Jessica Oji

Personal information
- Nationality: Nigeria
- Citizenship: Nigerian
- Born: 23 June 2007 (age 19) USA
- Education: University of Pennsylvania
- Occupations: Shotput Discus throw

Medal record
Women's athletics
Representing Nigeria
Commonwealth Games
| Silver medal – second place | 2026 Glasgow | Shot put |
World U20 Championships
| Gold medal – first place | 2026 Eugene | Shotput |

= Jessica Oji =

Nigerian-American athlete (born 2007)

Jessica Oji (born 23 June 2007) is a Nigerian-American women's shot put and discus throw athlete. In February 2026, World Athletics confirmed that she had switched her allegiance to Nigeria.

Oji first broke the Ivy League record in December 2025 with a mark of 17.72 m (58 ft 1.75 in), before going on to break it four more times at the Penn Elite Meet in a mark of 18.45m (60' 6.5"). She currently has a personal best of 18.50 m, which she used to clinch the conference title.

== Early life and education ==
Oji was born in Accra, Ghana and raised in the United States. She is currently a freshman at the University of Pennsylvania.

== Career ==
She made her debut for Nigeria in 2026 and broke the long-standing African record of 18.43 m set by former Nigerian thrower Vivian Chukwuemeka in 2003. The record placed her second in the NCAA rankings and also above Mine de Klerk African mark of 18.48m set just a day earlier. In the current world rankings, Oji is ranked No. 30 in women's shot put. Officially, the mark did not count as an African or Nigerian record, as it was achieved before her transfer of allegiance. Oji also holds the national under-20 record in the discus throw, setting a mark of 55.12 m in May 2026.

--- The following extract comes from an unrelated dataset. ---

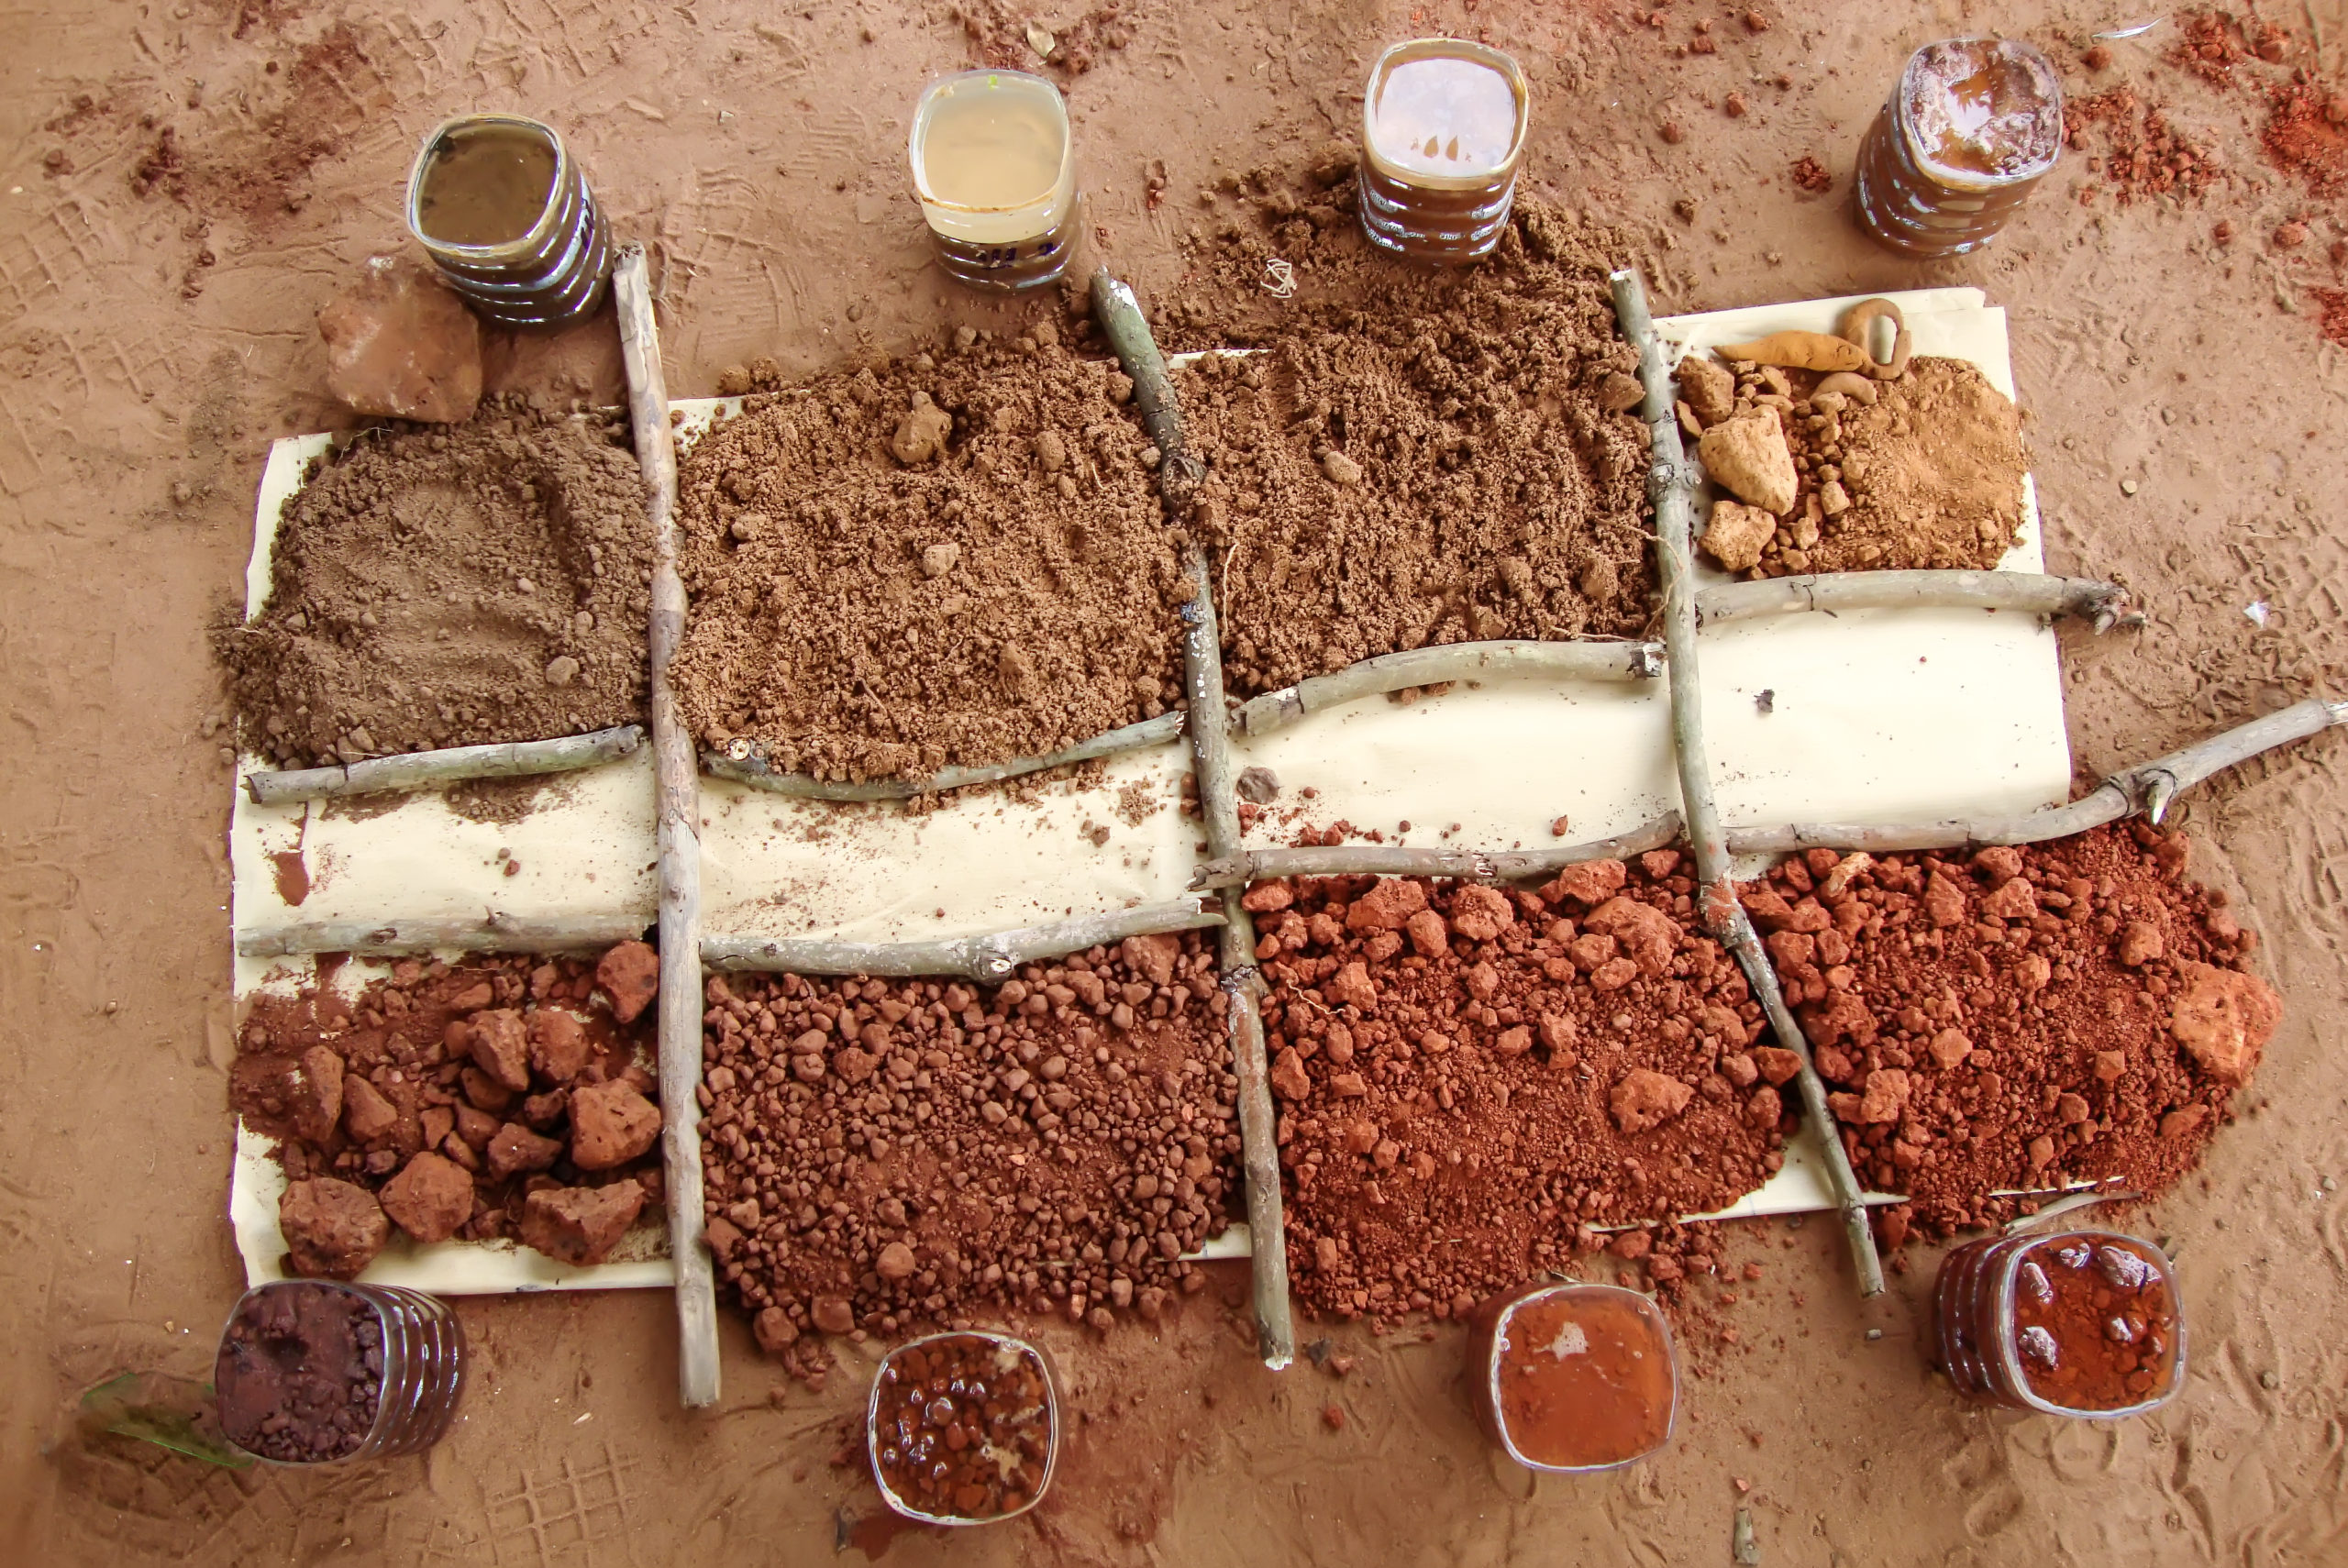 Different types of soil are displayed.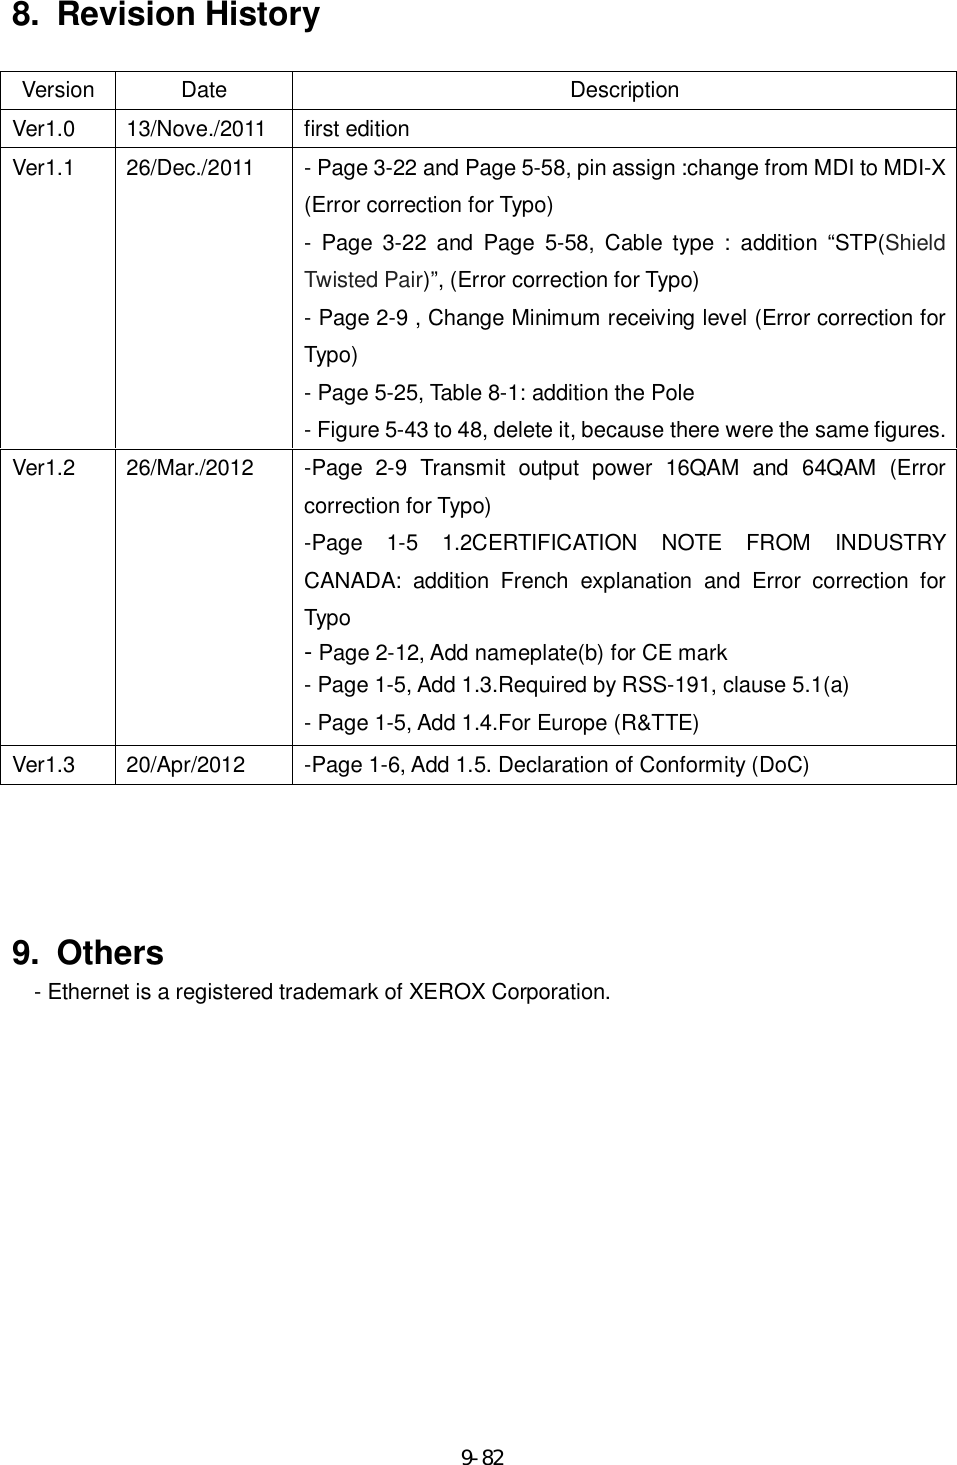     9-828.  Revision History  Version  Date  Description Ver1.0  13/Nove./2011  first edition Ver1.1  26/Dec./2011  - Page 3-22 and Page 5-58, pin assign :change from MDI to MDI-X (Error correction for Typo) -  Page  3-22  and  Page  5-58,  Cable  type  :  addition  “STP(Shield Twisted Pair)”, (Error correction for Typo) - Page 2-9 , Change Minimum receiving level (Error correction for Typo) - Page 5-25, Table 8-1: addition the Pole - Figure 5-43 to 48, delete it, because there were the same figures. Ver1.2  26/Mar./2012  -Page  2-9  Transmit  output  power  16QAM  and  64QAM  (Error correction for Typo) -Page  1-5  1.2CERTIFICATION  NOTE  FROM  INDUSTRY CANADA:  addition  French  explanation  and  Error  correction  for Typo - Page 2-12, Add nameplate(b) for CE mark - Page 1-5, Add 1.3.Required by RSS-191, clause 5.1(a)   - Page 1-5, Add 1.4.For Europe (R&amp;TTE) Ver1.3  20/Apr/2012  -Page 1-6, Add 1.5. Declaration of Conformity (DoC)     9.  Others - Ethernet is a registered trademark of XEROX Corporation.

In 2025, Oji was crowned the USA U-20 Champion and placed sixth in the NCAA Division I Indoor Track and Field Championships in the shot put. Representing Nigeria at the 2026 Commonwealth Games in Glasgow, she won a silver medal on her debut, becoming the first Nigerian woman to win a medal in the event since Vivian Chukwuemeka at the 2006 Commonwealth Games in Melbourne. At the 2026 World U20 Championships in Eugene, Oregon, she claimed gold, ending Nigeria's 24-year wait for a medal in a women's field event.